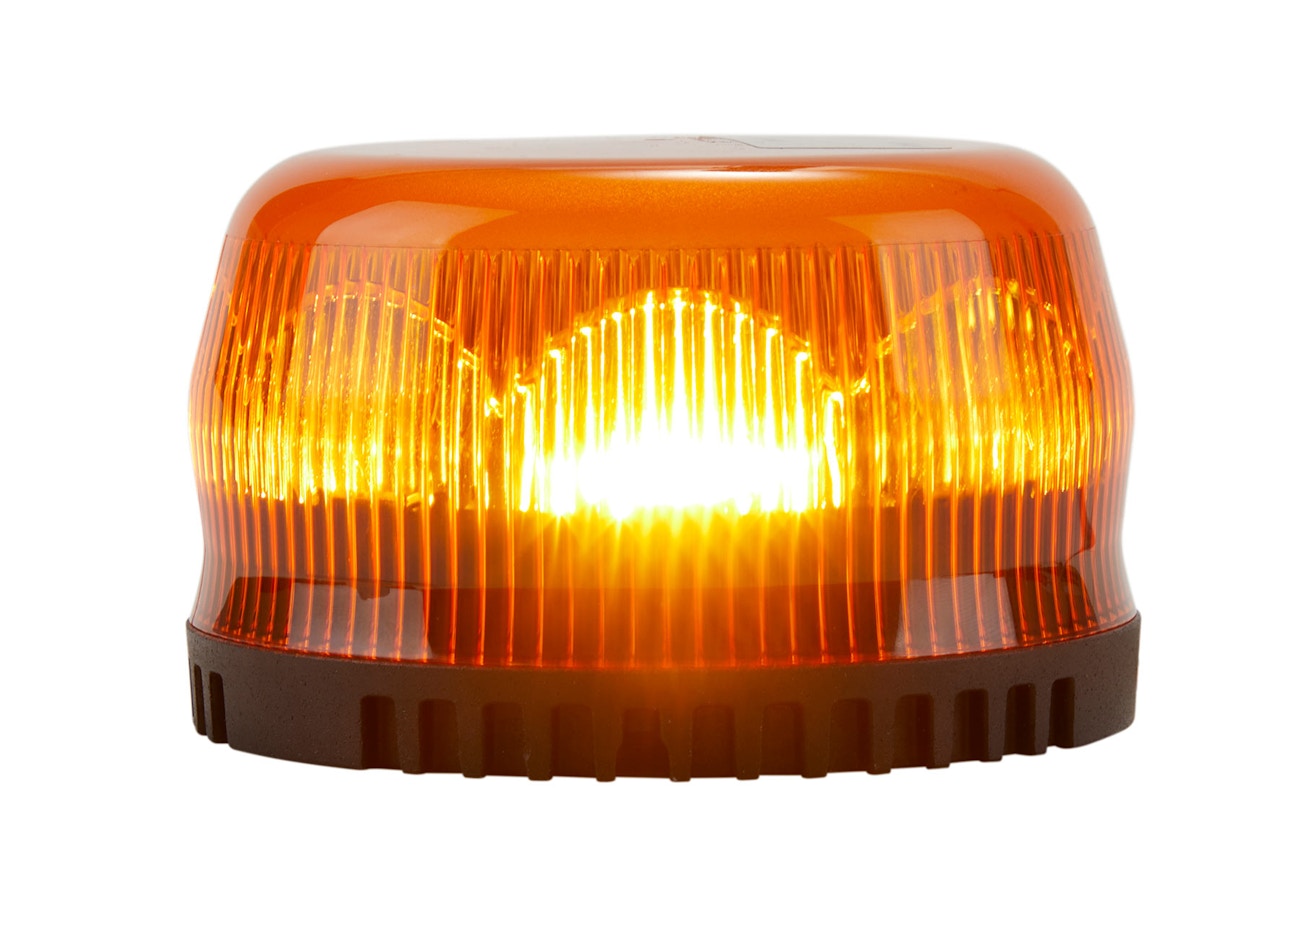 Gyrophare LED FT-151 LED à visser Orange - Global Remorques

======

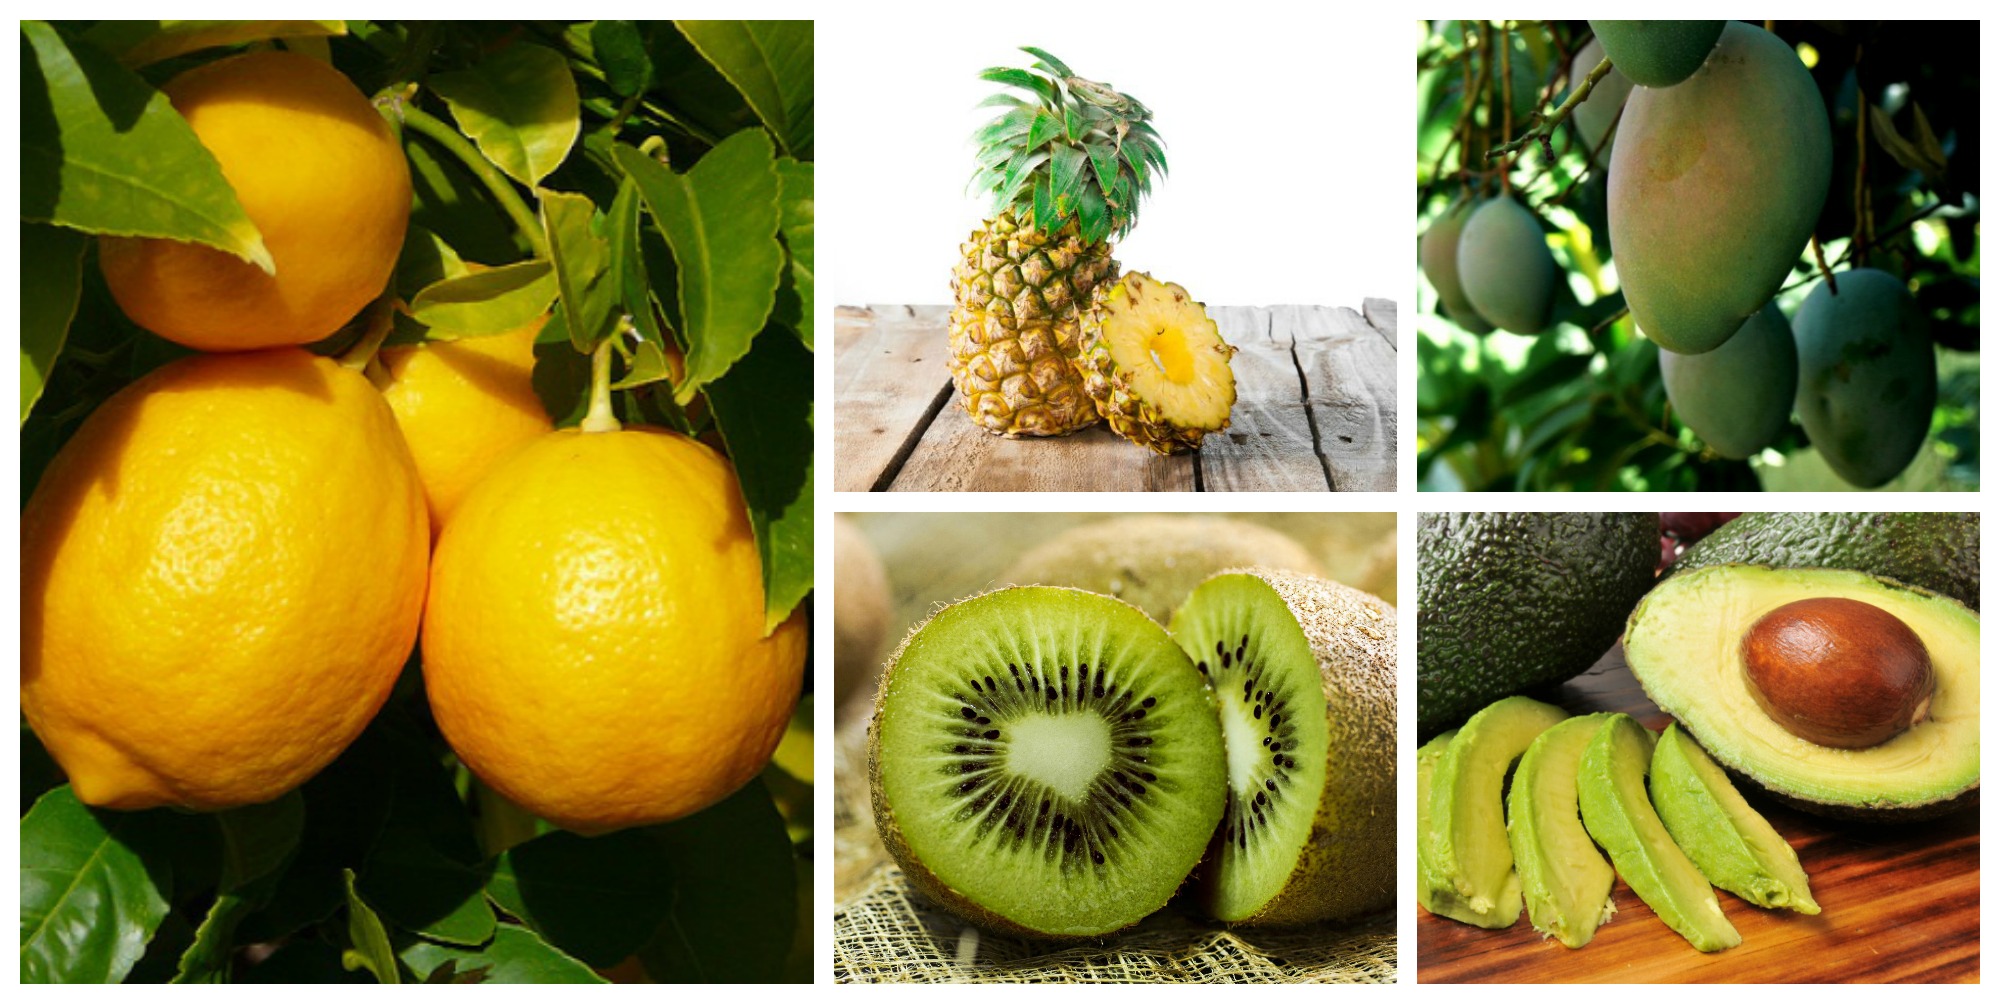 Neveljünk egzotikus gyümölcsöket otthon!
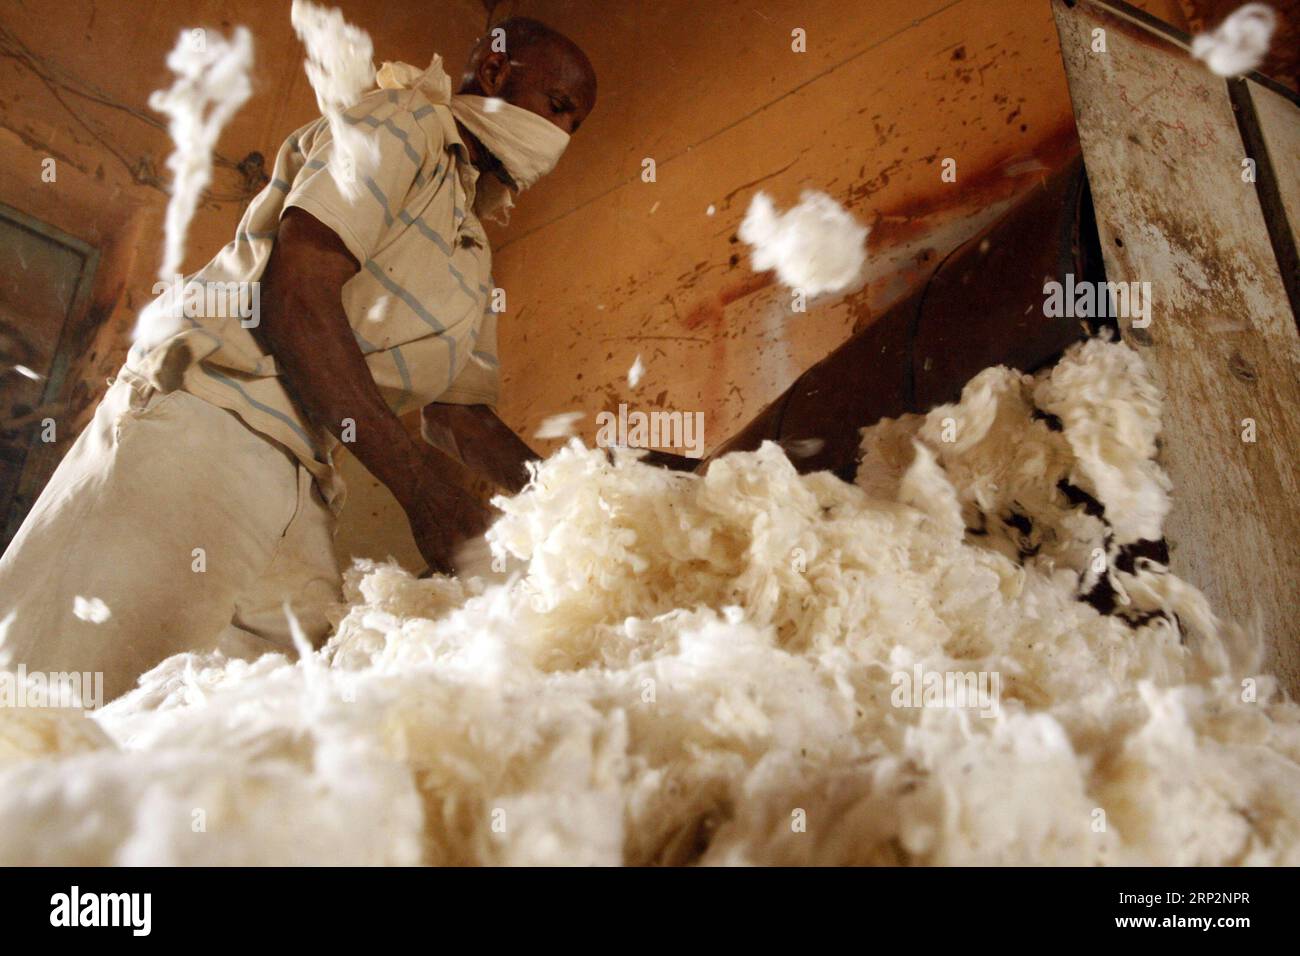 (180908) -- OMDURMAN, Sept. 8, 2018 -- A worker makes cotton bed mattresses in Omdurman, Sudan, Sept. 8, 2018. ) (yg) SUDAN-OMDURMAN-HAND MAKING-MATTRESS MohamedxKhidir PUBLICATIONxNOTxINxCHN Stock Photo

======

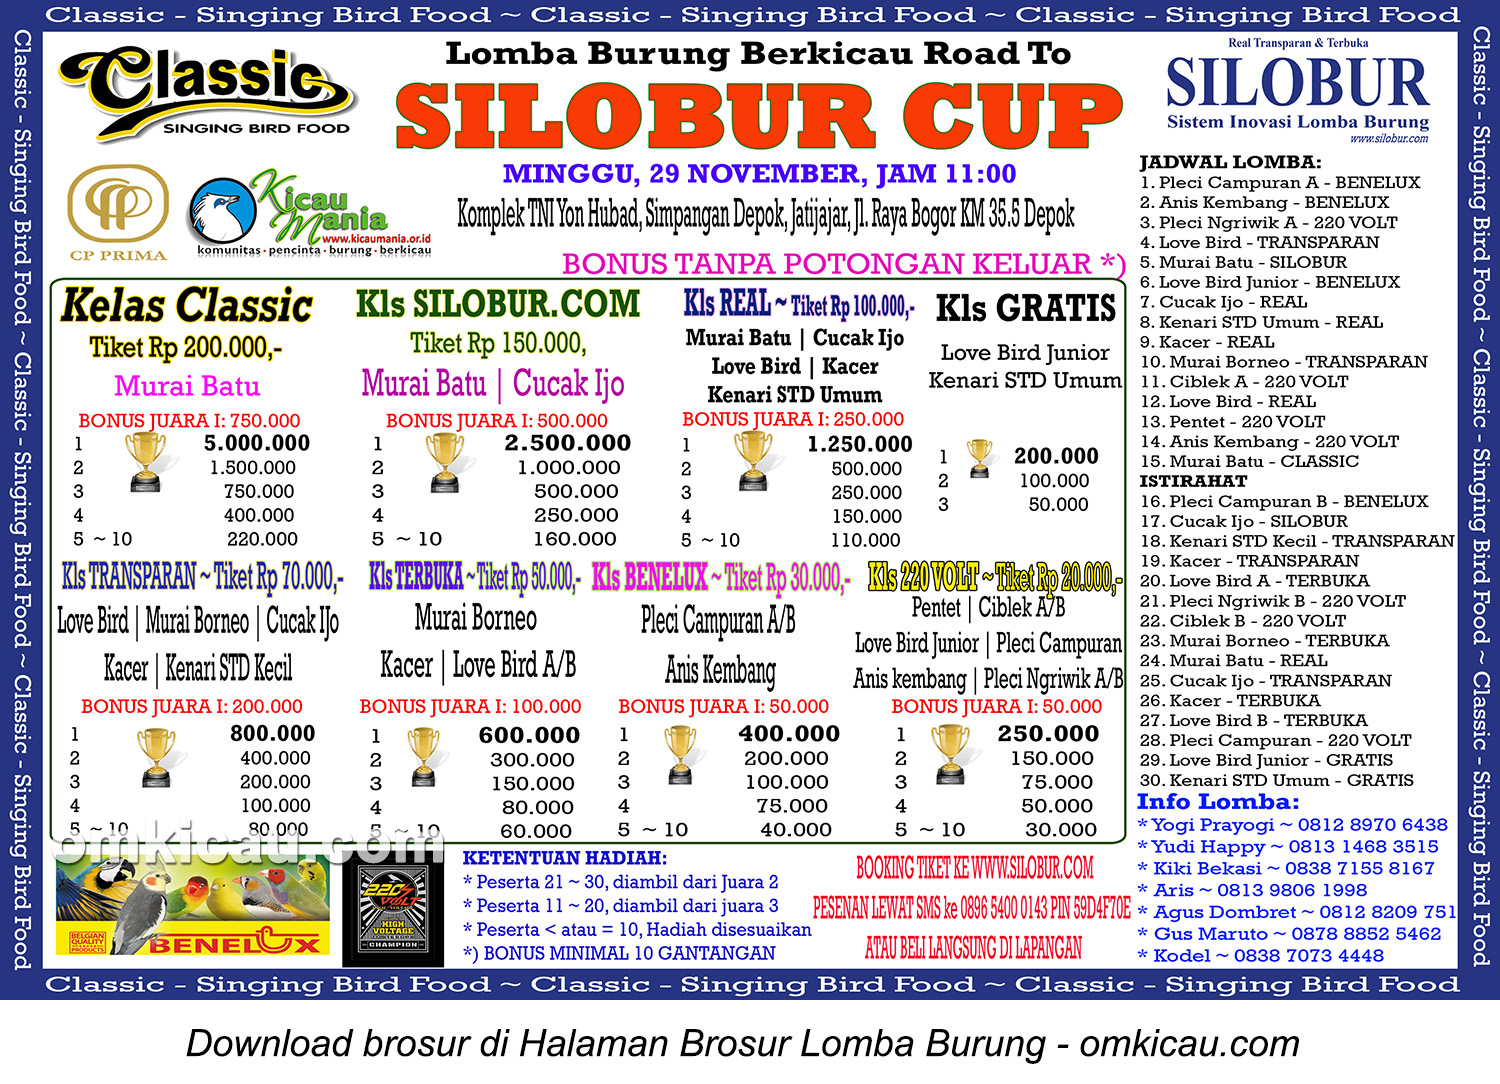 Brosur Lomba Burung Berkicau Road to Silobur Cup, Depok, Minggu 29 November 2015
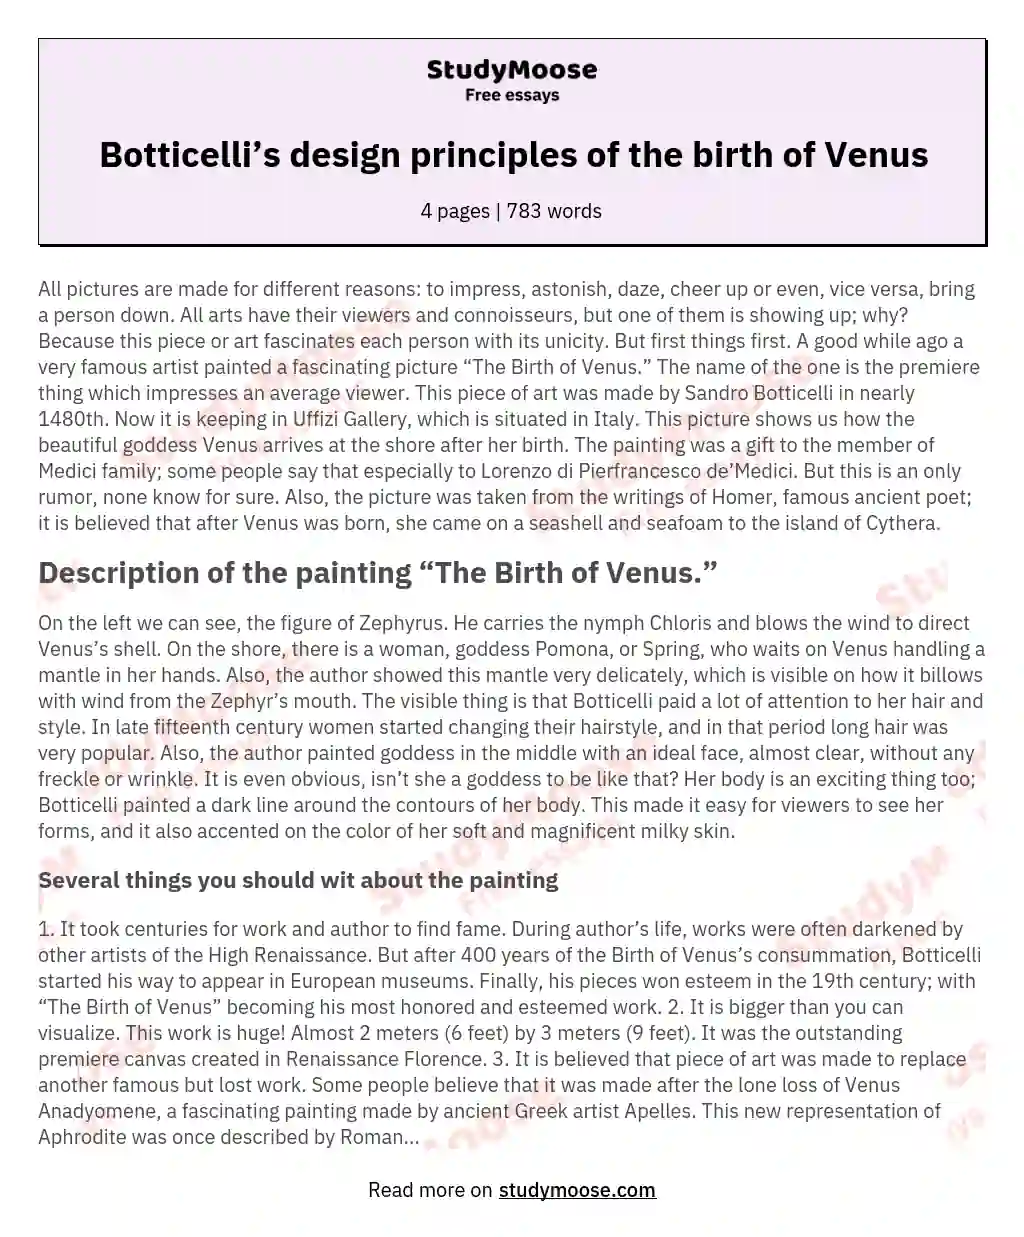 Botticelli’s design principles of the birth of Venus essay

======

Whatever pictures the records hold, omit them; give again exactly the lines from the one containing "Brosur Lomba Burung" through the one containing "Botticelli’s design principles".

* The answer
 Brosur Lomba Burung Berkicau Road to Silobur Cup, Depok, Minggu 29 November 2015
 Botticelli’s design principles of the birth of Venus essay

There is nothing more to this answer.